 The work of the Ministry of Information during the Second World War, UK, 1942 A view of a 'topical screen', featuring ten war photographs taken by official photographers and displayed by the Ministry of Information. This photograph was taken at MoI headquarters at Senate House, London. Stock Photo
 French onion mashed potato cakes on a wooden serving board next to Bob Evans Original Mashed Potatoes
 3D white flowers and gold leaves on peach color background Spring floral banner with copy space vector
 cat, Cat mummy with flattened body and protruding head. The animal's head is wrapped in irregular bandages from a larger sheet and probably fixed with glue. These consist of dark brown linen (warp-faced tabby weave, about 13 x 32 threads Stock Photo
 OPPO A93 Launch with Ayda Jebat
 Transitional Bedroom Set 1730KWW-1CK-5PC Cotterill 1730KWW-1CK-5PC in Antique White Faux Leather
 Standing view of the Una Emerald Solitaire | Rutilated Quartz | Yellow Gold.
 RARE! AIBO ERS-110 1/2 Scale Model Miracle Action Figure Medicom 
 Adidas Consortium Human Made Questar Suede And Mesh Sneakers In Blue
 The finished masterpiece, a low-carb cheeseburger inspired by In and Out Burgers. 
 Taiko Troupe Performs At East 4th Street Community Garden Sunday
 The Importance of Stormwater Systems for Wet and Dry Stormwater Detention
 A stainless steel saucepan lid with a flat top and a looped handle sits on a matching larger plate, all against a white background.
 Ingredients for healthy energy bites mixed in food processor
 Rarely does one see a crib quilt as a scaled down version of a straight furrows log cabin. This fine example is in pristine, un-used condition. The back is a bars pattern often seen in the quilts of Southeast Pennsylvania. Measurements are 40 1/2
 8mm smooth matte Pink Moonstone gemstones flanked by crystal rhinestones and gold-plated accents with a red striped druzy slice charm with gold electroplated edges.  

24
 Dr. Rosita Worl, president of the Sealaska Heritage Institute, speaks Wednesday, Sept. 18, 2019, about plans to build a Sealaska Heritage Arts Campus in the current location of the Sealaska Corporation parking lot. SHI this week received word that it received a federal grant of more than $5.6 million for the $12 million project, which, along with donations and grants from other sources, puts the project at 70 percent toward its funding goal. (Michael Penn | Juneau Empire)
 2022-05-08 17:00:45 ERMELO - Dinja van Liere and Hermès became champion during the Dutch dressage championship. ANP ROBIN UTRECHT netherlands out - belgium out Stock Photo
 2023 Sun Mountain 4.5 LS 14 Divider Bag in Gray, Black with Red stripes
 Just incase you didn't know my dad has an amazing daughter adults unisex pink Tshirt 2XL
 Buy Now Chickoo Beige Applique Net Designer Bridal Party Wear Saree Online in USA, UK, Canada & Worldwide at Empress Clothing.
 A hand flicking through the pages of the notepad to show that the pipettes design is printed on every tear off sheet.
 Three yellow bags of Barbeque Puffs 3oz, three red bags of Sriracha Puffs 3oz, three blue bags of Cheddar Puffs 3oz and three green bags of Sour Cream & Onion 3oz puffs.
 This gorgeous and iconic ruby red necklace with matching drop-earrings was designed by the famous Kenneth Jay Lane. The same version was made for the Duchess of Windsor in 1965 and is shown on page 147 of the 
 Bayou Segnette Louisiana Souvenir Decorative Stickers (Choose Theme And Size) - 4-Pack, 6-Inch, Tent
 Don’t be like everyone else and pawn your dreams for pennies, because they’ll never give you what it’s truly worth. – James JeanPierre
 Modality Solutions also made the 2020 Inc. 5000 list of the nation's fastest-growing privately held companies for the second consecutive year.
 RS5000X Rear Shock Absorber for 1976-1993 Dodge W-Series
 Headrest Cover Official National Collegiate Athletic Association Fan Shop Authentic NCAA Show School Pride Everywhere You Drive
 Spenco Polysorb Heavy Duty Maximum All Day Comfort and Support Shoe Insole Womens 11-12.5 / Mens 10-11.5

■ WHAT YOU ARE ASKED TO DO ■
Give again, exactly as written, the lines running from the first line of the data above through the line that contains "Taiko Troupe Performs".

■ REPLY ■
 The work of the Ministry of Information during the Second World War, UK, 1942 A view of a 'topical screen', featuring ten war photographs taken by official photographers and displayed by the Ministry of Information. This photograph was taken at MoI headquarters at Senate House, London. Stock Photo
 French onion mashed potato cakes on a wooden serving board next to Bob Evans Original Mashed Potatoes
 3D white flowers and gold leaves on peach color background Spring floral banner with copy space vector
 cat, Cat mummy with flattened body and protruding head. The animal's head is wrapped in irregular bandages from a larger sheet and probably fixed with glue. These consist of dark brown linen (warp-faced tabby weave, about 13 x 32 threads Stock Photo
 OPPO A93 Launch with Ayda Jebat
 Transitional Bedroom Set 1730KWW-1CK-5PC Cotterill 1730KWW-1CK-5PC in Antique White Faux Leather
 Standing view of the Una Emerald Solitaire | Rutilated Quartz | Yellow Gold.
 RARE! AIBO ERS-110 1/2 Scale Model Miracle Action Figure Medicom 
 Adidas Consortium Human Made Questar Suede And Mesh Sneakers In Blue
 The finished masterpiece, a low-carb cheeseburger inspired by In and Out Burgers. 
 Taiko Troupe Performs At East 4th Street Community Garden Sunday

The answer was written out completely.